But
Curiously Enough Alexander Spring, Found Dry Before, Was Now Brimful,
Evidently Filled By The Recent Rain, Which Had Not Been Heavy Enough To
Fill The Lagoon.
Here we camped for two days, which we could ill afford,
as already we had to cut down our rations, and before long our meals
would dwindle to one instead of two a day.
Godfrey's sickness
necessitated a delay - he suffered from such fearful pains in his head,
poor fellow! Often after a day's march he would collapse, and lie prone
with his head nearly bursting from pain. A drink of strong tea would
relieve him, but when water was scarce he had just to suffer.
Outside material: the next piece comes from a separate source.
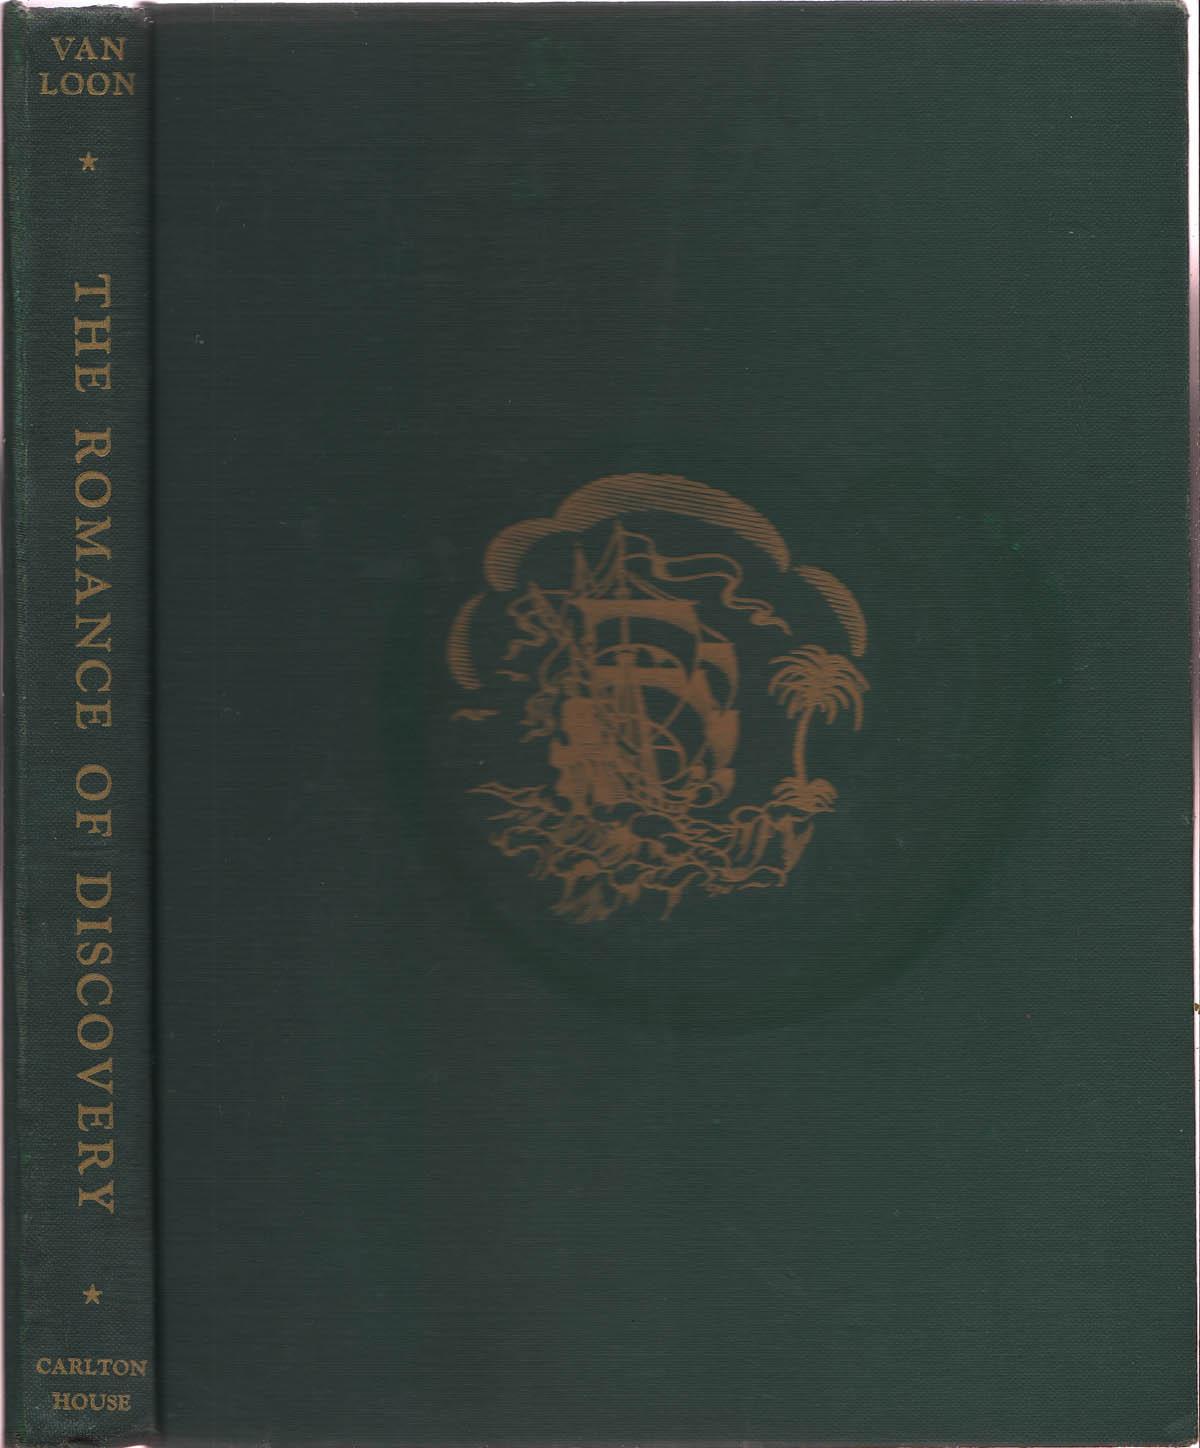 Romance of Discovery: Being an Account of the Earliest Navigators and the Discovery of America, The. - Van Loon, Hendrick Willem , written and drawn and done into color by.

I had a splendid chance of replenishing our larder, and, fool that I was,
I missed it. I was riding The Warden to the spring, when a kangaroo
popped up on his hind legs, and sat looking at me. The Warden would not
keep still; the surprised kangaroo actually waited for me to dismount and
aim my rifle, but just as I fired The Warden jerked my arm and I missed,
and away bounded many a good meal - and with it the pony! So I continued
my way on foot, and was rewarded by finding some interesting things. A
big camp of natives had been here in our absence; near the spring in the
scrub was a cleared corroboree ground, twenty feet by fifty yards,
cleaned of all stones and enclosed by a fallen brush-fence (this older
than the other work, showing this is a favourite meeting-place). At one
end was a sort of altar of bushes, and hidden beneath them a long, carved
board. This I took, and afterwards gave to Sir John Forrest. In every
tree surrounding the clearing a stone was lodged in the forked branches.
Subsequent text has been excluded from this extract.